— Привет помощнику смерти! — бодро крикнул мне молодой розовомордый нарядчик Мишка Удалой, любимец опера Долинского, его правая рука. Если бы к великой радости всей зоны кто-то отрезал бы ему кудрявую русую голову и прикрепил к ней пару белых голубиных крылышек, то получился бы херувимчик точно как на иконе. Слов нет, хорош был собою парень, даже приторно хорош. — Своих дохликов заметил перед уборной? Пошли санитаров убрать и идем на пару ловить дезертиров — до чего же импозантное выдалось утро, а, доктор? Вали сюда!

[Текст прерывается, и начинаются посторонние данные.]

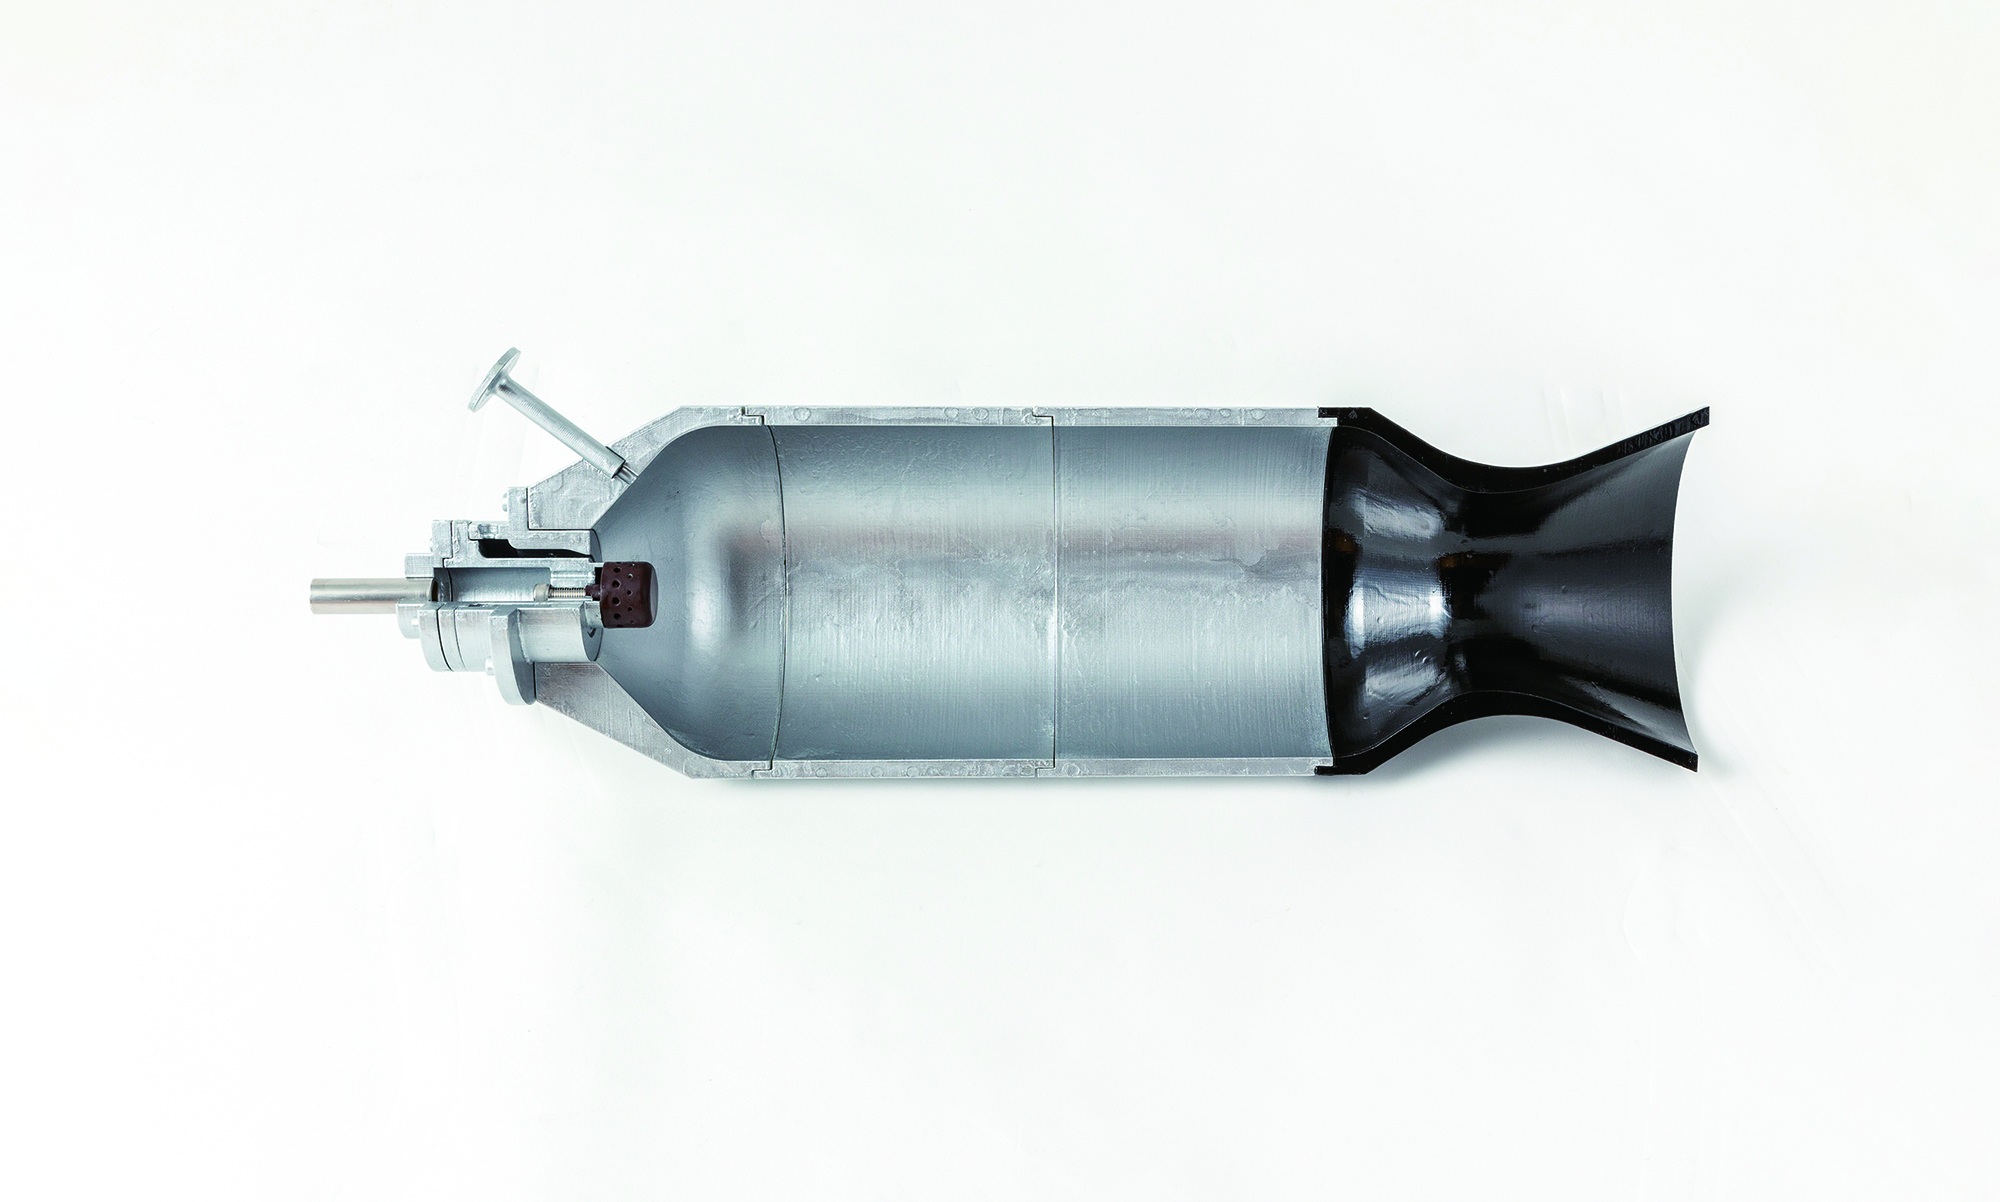 ピントル型噴射器を備えたロケットエンジン燃焼器模型

Слегка привядшая и побуревшая полынь после ночного дождя пахла остро и пряно. Мы всей грудью задымили самокрутками, вошли за бараком в высокие и густые бурьянные дебри и двинулись вдоль огневой дорожки. Весной одна из московских комиссий распорядилась немедленно выстроить тут еще один больничный барак; наше начальство послушно нагнало инвалидов, которые за день выкопали ямы для столбов и фундамента. Но когда столичные гастролеры укатили восвояси, их затея была немедленно забыта. Однако ямы остались, и теперь мы пробирались осторожно — в зарослях они были не видны.
— Так вот, доктор, расскажи мне про культуру! — вдруг мечтательно протянул Мишка, подмигнул и подбородком указал себе под ноги. — Страсть люблю слушать! Говори, не стесняйся, до развода еще минут двадцать!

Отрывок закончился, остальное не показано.